Aerobic activity is also called endurance activity or cardio activity.
During aerobic activity, your body’s large muscles move in a rhythmic manner for a sustained period of time. Aerobic activities cause your heart to beat faster than usual to meet the demands of your body’s movement. Aerobic activities also require your body to use more oxygen. Over time, regular aerobic activity makes your heart and cardiovascular system stronger and fitter.
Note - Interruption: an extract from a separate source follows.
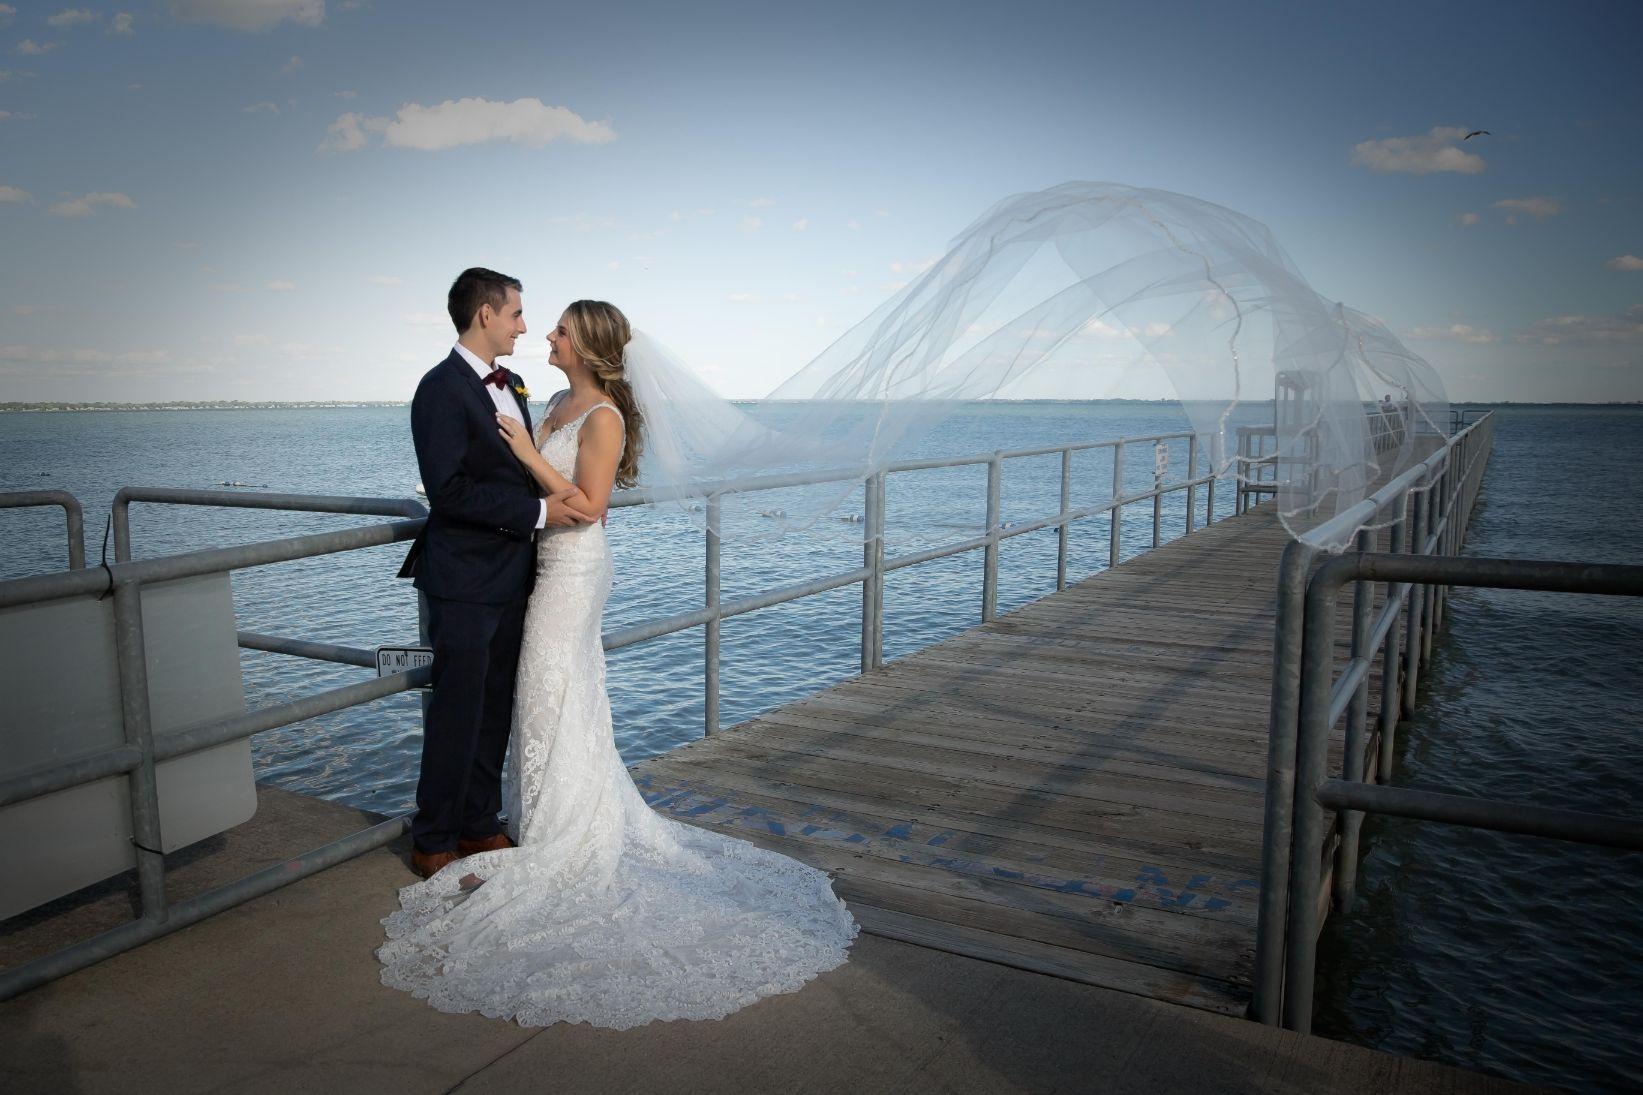 Tessa and Andrew romantics at waterfront 1

Aerobic physical activity has three components:
1. Intensity - or how hard you work to do the activity:
- Moderate intensity - As a rule of thumb, a person doing moderate intensity aerobic activity may make you breathe harder and make it more difficult to talk, but you should still be able to carry on a conversation. If you are just beginning, slowly work up to moving at a moderate intensity pace. Some examples:
Walking briskly (3 miles per hour or faster, but not race-walking)
Water aerobics
Bicycling slower than 10 miles per hour
Tennis (doubles)
Ballroom dancing
General gardening
- Vigorous intensity - As a rule of thumb, a person doing vigorous intensity activity cannot say more than a few words without pausing for a breath. Some examples:
Racewalking, jogging, or running
Swimming laps
Tennis (singles)
Aerobic dancing
Bicycling 10 miles per hour or faster
Jumping rope
Heavy gardening (continuous digging or hoeing, with heart rate increases)
Hiking uphill or with a heavy backpack
Rock climbing
Training to run a 10K for charity
2. Frequency - or how often you do an aerobic activity.
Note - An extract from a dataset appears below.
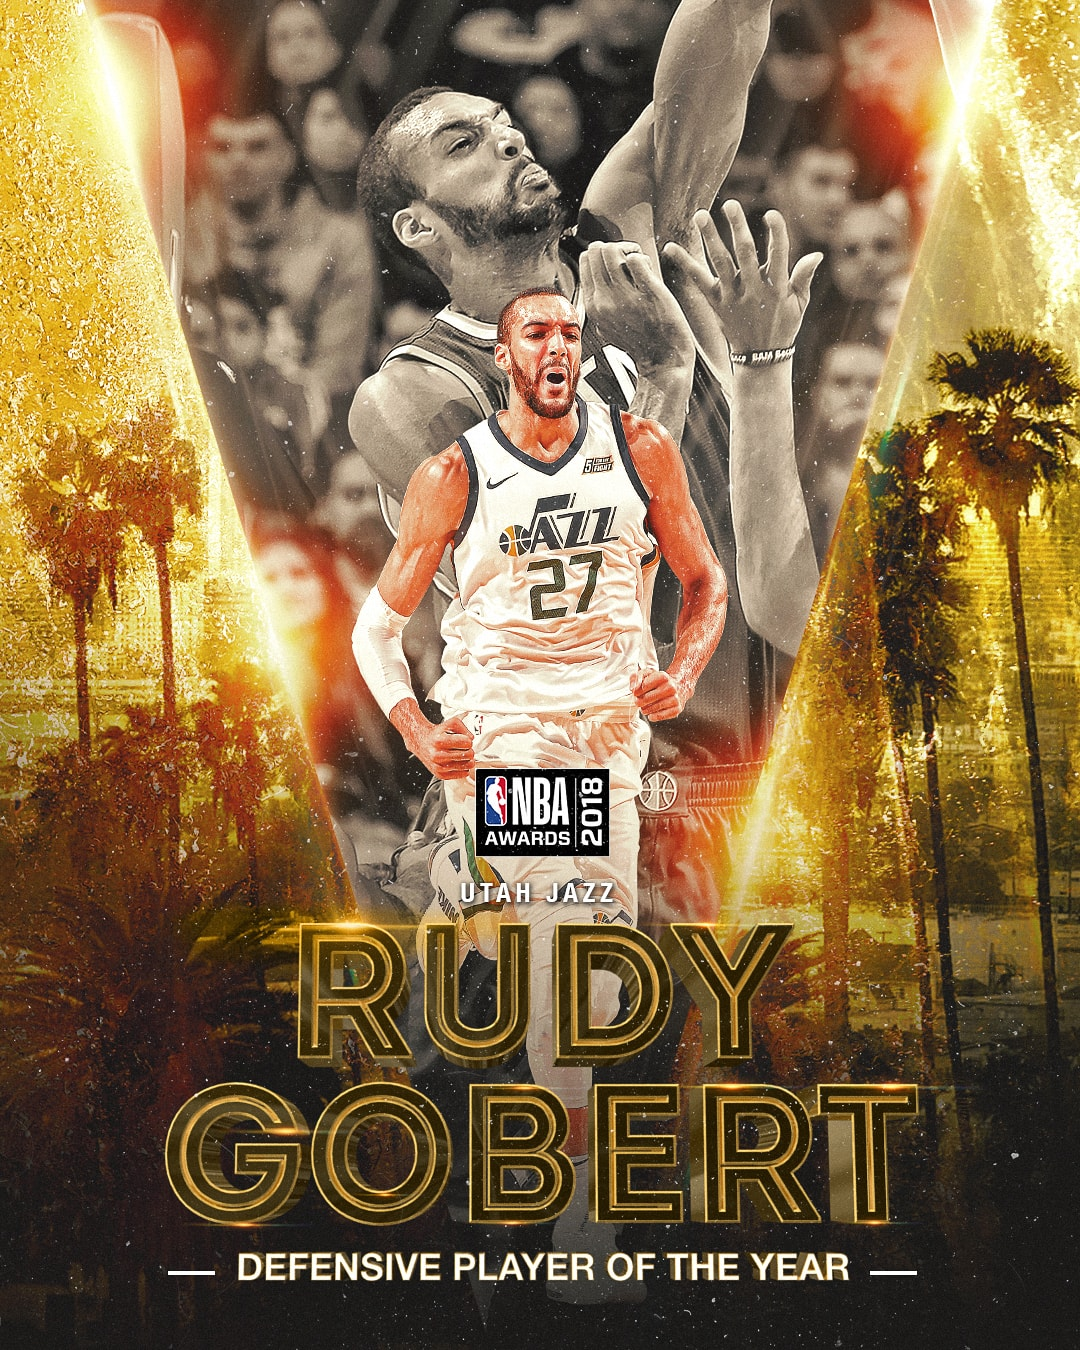 NBA Awards NBA Defensive Player of the Year Award - Rudy Gobert

3. Duration - or how long you do an activity in any one session.
Although these components make up a physical activity profile, it is shown that the total amount of physical activity (for example, minutes of moderate intensity physical activity) is more important for achieving health benefits than is any one component, such as frequency, intensity, or duration.
Experts recommend at least 150 minutes (2 hours and 30 minutes) of moderate intensity physical activity, or 75 minutes (1 hour and 15 minutes) of vigorous intensity aerobic physical activity per week, preferably spread throughout the week. You don’t need to do all of your exercise at once to be physically active. 3 days a week produces health benefits, and may help to reduce the risk of injury and avoid excessive fatigue. You may break up your activity into shorter segments of 10 minutes or more. Episodes of this duration are known to improve cardiovascular fitness and some risk factors for heart disease and type 2 diabetes. Moderate intensity or vigorous intensity physical activities that last for at least 10 minutes count toward meeting the weekly recommendation.
Adults can do either moderate intensity or vigorous intensity aerobic activities, or a combination of both. It takes less time to get the same benefit from vigorous intensity activities as from moderate intensity activities. A general rule of thumb is that 2 minutes of moderate intensity activity counts the same as 1 minute of vigorous intensity activity. For example, 30 minutes of moderate intensity activity a week is roughly the same as 15 minutes of vigorous intensity activity.
If you want to lose weight, you may need to do more than 150 minutes of moderate-intensity aerobic activity per week. Remember that you can be active in several shorter sessions, and that your daily activities count toward calories used.